Au vu de la bande-annonce et du pedigree de Nora Twomey (co-réalisatrice de Brendan Et Le Secret De Kells) qui suffit à mesurer son talent, avait-on besoin de cette preview pour se convaincre que The Breadwinner allait être un film formidable ? Pas vraiment mais ce Work in Progress n’en est pas moins une délectable piqure de rappel.
En premier lieu, le producteur Anthony Leo partagea avec nous l’amour immédiat qu’il avait éprouvé pour le livre de Deborah Ellis lors de sa découverte et son désir de le porter à l’écran. Il rappela aussi l’hésitation quant au format à adopter. C’est ainsi un film live dans la lignée des Cerfs-volants de Kaboul de Marc Forster qui fut un temps envisagé. Cependant, ce choix conjugué au sujet – l’Afghanistan du début des années 2000 – n’était pas très vendeur. Il faudrait un montage financier complexe et le soutien de personnes influentes telles qu’Angelina Jolie (créditée comme productrice exécutive) pour que le projet se monte. Par ailleurs, Anthony Leo pensait que cette orientation ne rendrait pas le film suffisamment accessible aux enfants alors que le film leur était également destiné. C’est avec en tête la réussite du chef d’œuvre Persépolis que le choix de l’animation fut finalement retenu. La réalisatrice Nora Twomey précisa que cette direction n’avait évidemment pas pour seul but de mêler un jeune public à des spectateurs plus âgés mais aussi de donner de la profondeur à l’histoire.
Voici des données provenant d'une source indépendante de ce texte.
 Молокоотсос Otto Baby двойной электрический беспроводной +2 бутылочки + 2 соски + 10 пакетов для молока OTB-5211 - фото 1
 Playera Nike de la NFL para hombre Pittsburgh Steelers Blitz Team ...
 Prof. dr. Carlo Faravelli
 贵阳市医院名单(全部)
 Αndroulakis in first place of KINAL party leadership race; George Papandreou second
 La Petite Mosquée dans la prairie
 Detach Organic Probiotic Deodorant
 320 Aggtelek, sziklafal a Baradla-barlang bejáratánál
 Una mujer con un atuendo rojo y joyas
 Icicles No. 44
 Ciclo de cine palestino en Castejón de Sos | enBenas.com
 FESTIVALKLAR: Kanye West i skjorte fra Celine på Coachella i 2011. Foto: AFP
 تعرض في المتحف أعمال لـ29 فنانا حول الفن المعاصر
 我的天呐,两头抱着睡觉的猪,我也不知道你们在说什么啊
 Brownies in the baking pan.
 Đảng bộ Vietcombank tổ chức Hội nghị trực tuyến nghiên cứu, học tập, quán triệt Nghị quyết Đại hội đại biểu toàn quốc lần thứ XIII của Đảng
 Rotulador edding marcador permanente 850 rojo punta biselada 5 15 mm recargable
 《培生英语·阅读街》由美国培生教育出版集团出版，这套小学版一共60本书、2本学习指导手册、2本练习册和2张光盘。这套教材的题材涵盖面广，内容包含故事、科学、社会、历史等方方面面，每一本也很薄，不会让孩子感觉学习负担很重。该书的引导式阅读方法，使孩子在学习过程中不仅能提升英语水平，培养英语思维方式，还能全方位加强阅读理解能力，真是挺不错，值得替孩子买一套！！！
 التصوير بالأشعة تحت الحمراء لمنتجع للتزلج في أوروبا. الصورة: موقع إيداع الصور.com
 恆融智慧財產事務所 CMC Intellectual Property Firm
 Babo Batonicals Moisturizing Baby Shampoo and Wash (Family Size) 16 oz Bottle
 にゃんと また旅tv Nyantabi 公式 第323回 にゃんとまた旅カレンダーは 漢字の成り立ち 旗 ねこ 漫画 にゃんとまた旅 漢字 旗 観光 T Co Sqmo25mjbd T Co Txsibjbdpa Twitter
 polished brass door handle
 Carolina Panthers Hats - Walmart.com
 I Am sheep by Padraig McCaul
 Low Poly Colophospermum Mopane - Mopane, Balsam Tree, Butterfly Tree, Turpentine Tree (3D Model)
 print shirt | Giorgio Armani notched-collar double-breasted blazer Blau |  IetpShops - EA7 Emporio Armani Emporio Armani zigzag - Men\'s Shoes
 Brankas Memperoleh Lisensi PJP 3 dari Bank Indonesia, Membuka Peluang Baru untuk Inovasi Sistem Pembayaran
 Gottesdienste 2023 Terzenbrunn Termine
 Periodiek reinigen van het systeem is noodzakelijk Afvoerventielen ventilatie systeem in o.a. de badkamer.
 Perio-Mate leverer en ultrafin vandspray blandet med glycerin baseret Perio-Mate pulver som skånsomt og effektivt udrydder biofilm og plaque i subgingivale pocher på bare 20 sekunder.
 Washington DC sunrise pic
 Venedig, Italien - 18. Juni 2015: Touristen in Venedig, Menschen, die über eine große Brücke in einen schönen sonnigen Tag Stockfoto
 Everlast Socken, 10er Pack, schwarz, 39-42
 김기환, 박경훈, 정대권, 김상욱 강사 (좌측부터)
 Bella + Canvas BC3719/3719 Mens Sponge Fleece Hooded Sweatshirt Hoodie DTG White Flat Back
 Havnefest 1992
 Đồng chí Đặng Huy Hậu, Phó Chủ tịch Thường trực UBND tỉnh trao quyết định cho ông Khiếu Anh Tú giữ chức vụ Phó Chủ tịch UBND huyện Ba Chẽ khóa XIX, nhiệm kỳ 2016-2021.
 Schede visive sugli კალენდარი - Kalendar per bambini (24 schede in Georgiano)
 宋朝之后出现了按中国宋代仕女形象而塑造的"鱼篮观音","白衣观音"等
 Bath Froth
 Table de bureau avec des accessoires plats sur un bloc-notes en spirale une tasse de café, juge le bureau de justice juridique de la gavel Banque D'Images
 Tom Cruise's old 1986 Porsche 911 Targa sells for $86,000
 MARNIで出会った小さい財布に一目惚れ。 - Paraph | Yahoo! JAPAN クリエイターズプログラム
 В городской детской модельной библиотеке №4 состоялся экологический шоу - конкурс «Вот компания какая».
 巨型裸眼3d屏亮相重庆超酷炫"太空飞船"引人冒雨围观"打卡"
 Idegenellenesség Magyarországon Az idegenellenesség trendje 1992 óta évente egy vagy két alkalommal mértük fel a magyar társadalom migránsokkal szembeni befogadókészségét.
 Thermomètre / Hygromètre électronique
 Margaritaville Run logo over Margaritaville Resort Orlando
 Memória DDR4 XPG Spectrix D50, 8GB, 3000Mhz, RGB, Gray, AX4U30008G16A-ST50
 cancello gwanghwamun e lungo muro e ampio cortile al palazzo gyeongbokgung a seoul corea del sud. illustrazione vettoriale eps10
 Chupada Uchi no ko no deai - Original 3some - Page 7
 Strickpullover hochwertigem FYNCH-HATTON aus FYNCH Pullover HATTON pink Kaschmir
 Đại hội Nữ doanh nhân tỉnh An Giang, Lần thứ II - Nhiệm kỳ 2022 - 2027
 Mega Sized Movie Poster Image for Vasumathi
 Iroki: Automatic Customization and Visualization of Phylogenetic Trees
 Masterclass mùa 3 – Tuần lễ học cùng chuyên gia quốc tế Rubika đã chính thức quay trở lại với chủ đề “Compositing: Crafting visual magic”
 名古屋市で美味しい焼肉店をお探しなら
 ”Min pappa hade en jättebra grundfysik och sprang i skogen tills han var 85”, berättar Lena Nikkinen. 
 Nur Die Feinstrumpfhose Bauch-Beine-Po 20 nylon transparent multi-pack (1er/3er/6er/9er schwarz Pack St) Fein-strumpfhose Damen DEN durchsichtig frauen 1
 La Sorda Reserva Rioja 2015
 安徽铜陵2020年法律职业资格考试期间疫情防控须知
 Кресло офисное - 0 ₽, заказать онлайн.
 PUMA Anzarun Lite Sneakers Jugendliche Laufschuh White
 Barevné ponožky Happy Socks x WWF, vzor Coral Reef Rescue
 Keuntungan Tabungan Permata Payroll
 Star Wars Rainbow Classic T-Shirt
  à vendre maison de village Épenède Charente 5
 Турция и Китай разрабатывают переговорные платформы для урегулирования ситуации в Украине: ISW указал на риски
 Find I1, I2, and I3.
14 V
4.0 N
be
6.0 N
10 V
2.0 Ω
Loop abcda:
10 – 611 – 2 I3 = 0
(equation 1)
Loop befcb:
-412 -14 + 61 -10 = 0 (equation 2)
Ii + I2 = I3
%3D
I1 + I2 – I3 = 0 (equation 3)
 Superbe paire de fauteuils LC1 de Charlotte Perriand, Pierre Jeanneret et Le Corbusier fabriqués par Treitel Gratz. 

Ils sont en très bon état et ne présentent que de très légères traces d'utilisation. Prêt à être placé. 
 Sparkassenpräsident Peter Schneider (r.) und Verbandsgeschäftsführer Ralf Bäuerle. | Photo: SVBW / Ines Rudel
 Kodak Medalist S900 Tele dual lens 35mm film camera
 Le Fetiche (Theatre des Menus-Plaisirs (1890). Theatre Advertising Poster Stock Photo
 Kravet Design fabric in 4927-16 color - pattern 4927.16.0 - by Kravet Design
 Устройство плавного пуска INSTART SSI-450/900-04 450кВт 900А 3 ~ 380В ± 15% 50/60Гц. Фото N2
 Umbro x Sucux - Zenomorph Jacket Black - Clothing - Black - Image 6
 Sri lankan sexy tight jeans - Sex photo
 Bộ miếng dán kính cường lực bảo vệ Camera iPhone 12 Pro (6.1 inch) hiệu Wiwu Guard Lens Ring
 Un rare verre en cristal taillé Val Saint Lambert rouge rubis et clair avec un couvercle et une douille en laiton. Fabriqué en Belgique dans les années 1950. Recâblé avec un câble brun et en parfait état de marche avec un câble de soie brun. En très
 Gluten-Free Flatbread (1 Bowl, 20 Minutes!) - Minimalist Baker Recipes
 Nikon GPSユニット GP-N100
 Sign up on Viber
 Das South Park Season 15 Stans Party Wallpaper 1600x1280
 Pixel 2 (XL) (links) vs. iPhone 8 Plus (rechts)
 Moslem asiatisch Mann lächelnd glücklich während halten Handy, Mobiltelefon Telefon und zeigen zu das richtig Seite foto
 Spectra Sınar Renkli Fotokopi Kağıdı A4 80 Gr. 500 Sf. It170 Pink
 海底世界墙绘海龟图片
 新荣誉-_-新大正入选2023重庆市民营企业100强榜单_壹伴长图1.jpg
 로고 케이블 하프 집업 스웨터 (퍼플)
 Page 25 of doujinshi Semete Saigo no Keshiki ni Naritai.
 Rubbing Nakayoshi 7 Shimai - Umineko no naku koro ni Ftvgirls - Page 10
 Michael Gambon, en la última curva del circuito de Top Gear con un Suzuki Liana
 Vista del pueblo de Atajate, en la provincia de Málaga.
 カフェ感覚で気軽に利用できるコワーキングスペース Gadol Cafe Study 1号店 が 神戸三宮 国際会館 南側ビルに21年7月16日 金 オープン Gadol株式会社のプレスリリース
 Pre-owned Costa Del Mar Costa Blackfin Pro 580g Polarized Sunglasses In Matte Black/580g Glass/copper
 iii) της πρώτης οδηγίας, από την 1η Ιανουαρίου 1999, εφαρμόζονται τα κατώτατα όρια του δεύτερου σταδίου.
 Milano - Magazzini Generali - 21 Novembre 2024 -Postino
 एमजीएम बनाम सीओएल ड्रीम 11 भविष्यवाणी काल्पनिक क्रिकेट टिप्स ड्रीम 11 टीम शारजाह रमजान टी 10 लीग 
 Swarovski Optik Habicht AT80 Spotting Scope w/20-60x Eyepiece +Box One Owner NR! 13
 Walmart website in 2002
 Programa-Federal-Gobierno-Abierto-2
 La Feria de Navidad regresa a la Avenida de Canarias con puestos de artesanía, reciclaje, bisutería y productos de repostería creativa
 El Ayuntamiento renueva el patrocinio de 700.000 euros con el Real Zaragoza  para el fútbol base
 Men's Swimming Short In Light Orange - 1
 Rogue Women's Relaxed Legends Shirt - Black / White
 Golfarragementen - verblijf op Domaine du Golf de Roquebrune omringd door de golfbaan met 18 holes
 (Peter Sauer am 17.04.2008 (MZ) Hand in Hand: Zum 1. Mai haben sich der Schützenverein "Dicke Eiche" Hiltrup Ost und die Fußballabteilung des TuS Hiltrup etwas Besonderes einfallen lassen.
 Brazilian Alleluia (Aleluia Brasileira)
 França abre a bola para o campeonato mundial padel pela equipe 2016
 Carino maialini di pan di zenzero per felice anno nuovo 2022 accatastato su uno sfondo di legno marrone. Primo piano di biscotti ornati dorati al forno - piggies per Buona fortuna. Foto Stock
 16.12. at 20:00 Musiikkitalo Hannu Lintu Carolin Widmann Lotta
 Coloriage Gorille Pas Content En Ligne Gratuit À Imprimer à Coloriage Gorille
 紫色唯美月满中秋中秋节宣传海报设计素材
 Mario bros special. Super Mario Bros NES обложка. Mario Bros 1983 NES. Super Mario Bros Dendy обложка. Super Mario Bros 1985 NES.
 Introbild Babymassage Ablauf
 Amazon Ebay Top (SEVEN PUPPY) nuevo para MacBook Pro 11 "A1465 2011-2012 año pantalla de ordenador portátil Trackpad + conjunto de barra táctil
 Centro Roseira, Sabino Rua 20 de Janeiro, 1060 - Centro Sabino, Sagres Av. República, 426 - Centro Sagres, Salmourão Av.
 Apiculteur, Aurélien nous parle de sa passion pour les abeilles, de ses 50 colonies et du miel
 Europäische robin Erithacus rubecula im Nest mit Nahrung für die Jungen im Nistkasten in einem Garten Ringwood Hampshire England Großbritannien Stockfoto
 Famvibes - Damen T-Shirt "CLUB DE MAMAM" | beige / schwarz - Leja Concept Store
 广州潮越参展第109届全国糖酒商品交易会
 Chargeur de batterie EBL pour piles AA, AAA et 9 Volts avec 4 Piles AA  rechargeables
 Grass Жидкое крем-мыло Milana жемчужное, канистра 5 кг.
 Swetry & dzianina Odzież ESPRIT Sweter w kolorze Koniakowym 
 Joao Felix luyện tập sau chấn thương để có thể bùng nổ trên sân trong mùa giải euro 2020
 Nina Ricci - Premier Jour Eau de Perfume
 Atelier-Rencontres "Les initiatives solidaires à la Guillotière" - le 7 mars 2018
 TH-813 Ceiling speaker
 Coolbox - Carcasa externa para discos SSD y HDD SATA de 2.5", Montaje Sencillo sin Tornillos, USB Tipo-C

En ce sens, son intention trouve une certaine résonnance avec Dans Un Recoin De Ce Monde de Sunao Katabuchi projeté cette année au festival. L’un comme l’autre ont l’ambition de dépeindre un contexte historique et culturel spécifique dont ils souhaitent offrir une rigoureuse représentation. Cependant le traitement se veut également universel dans la représentation de la famille (les petits gestes du quotidien qui parlent à tout le monde comme les repas), la condition de la femme (l’héroïne doit se déguiser en homme afin de pouvoir travailler) et le partage de l’univers imaginaire de sa jeune héroïne. Twomey mit ainsi en exergue le caractère naturaliste qu’elle voulut donner à l’animation, notamment par un travail approfondi sur les prises de référence. Il en va de même du choix d’un casting d’origine afghane qui apporte une authenticité notable.
Le directeur artistique Ciaran Duffy (Le Chant De La Mer) profita de cette remarque pour présenter plusieurs artworks qu’il considère aujourd’hui comme des erreurs de parcours. Ceux-ci donnaient en effet une représentation « arty » de Kaboul avec des architectures volontairement exagérées et des jeux de couleurs détaillés. Ce sont autant d’éléments qui ont été éliminés pour revenir à un sentiment d’authenticité. Se préservant de verser dans le photoréalisme, il souhaitait que les décors dégagent un aspect dur et cru en accord avec la direction voulue par Twomey. Un choix d’autant plus logique qu’il permet de trancher le monde dit « réel » et le monde de l’imaginaire qui prend bien sûr une direction inverse. Au contraire, ces passages passeront à un esthétisme extravagant en forme de papier découpé et aux couleurs bien plus prononcées. Ce contraste promet d’être autrement plus saisissant que si le film avait été tourné en prises de vue réelles.
En fin de post-production et devant sortir pendant le dernier trimestre 2017, The Breadwinner pourrait-il donc être un des chocs de l’année, une expérience aussi forte que celle de Dans Un Recoin De Ce Monde ? C’est en tout cas tout le mal qu’on lui souhaite.